José Luis Gómez – A vueltas con España – La nueva política vasca


MADRID, 4 (OTR/PRESS)

La novena legislatura del Parlamento de Vitoria, presidido ahora por la popular Arantza Quiroga, está avivando la confrontación política entre nacionalistas y no nacionalistas en Euskadi, sin que el pacto entre populares y socialistas en el País Vasco lleve aparejada una mayor sintonía entre el PP y el PSOE en el resto de España. Al contrario, la tensión entre la gente de Zapatero y de Rajoy es máxima, sobre todo una vez que los populares han visto a tiro la recuperación del poder, dado el desgaste que sufre el PSOE con la crisis y, particularmente, con su expresión más dramática: el paro. Una prueba de que PP y PSOE están dispuestos a jugar incluso con las cosas de comer es el papel de la Oposición en la crisis de Caja Castilla La Mancha, donde la marcha de los consejeros del PP dio paso a buzoneos y «sms» que derivaron en masivas salidas de dinero de la ya entonces tocada caja manchega.

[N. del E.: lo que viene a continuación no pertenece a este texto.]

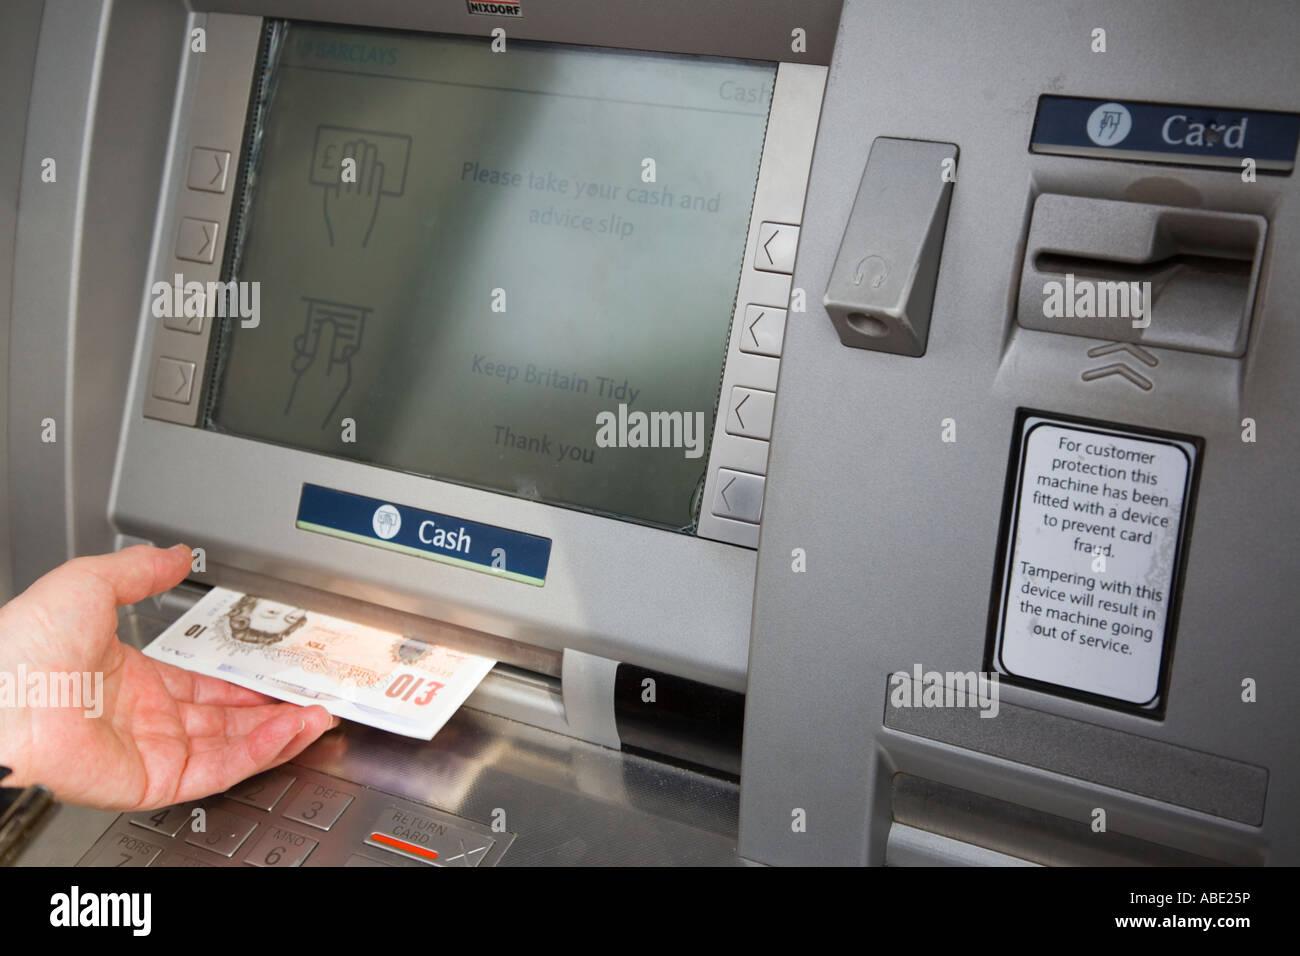 Geldautomat Geldautomat Hole in der Wand Bankerzähler entfernen Geld Bildschirm mit einem Rentner die Hand unter £10 Sterling Noten. England Großbritannien Stockfoto

Pero más allá de estas batallas ya habituales entre socialistas y populares, que a veces también se mezclan con actuaciones judiciales, insultos y descalificaciones personales -todavía está vivo el recuerdo de la sucia campaña electoral en Galicia-, PP y PSOE han dado un paso en Euskadi que, al no tener correspondencia en el resto de España, sino más bien todo lo contrario, viene a darles argumentos a quienes pregonan que el País Vasco no es exactamente España. De algún modo, ellos mismos asumen esa posición de máximos al ensayar allí lo que se niegan a hacer en el conjunto del Estado o en alguna otra comunidad autónoma.

Puede parecer un juego de palabras y de pactos pero, en el fondo, lo sucedido en Euskadi no solo debe hacer reflexionar a los nacionalistas vascos, empeñados, por cierto, en trasladar el mensaje de que la aritmética ha unido a dos partidos que se apuñalan en España y acabarán apuñalándose en el País Vasco. El objetivo que Jaime Mayor Oreja no pudo lograr en el 2001, convirtiendo al socialista Nicolás Redondo Terreros en su escudero del españolismo, lo ha hecho posible el socialista Patxi López, desde una posición que recuperó la línea vasquista del PSE y que ahora corre el riesgo de diluirse en brazos del PP de Antonio Basagoiti, que es quien le dará oxígeno para poder gobernar.

Lo que en España sería una gran coalición, en el País Vasco se queda más bien en un apaño de consecuencias imprevisibles, por mucho que Patxi López se empeñe en hacerle ver al PNV que sus pactos con el PP no le impedirán entenderse con quienes se irán a casa, a pesar de ser la primera fuerza política de Euskadi. Su objetivo declarado es dar cauce a políticas de consenso que trasciendan la disputa entre nacionalistas y no nacionalistas, lo cual sería muy positivo para el País Vasco, pero todo parece indicar que el horno del PNV no está para ese tipo de bollos, mientras el PP está calentando el suyo por si le cae la Diputación alavesa, fruto de una moción de censura al gobierno provincial del PNV.

Esa operación del PP aún no está en la agenda socialista pero podría estarlo si el PNV se porta mal. En realidad, es una de las bazas del PSE para que los nacionalistas acepten su desalojo del poder, a riesgo de ser aún más castigados si levantan la voz o pretenden obstaculizar el Gobierno vasco desde las diputaciones, cuyos poderes en Euskadi están a años luz de los que tienen en las otras provincias españolas.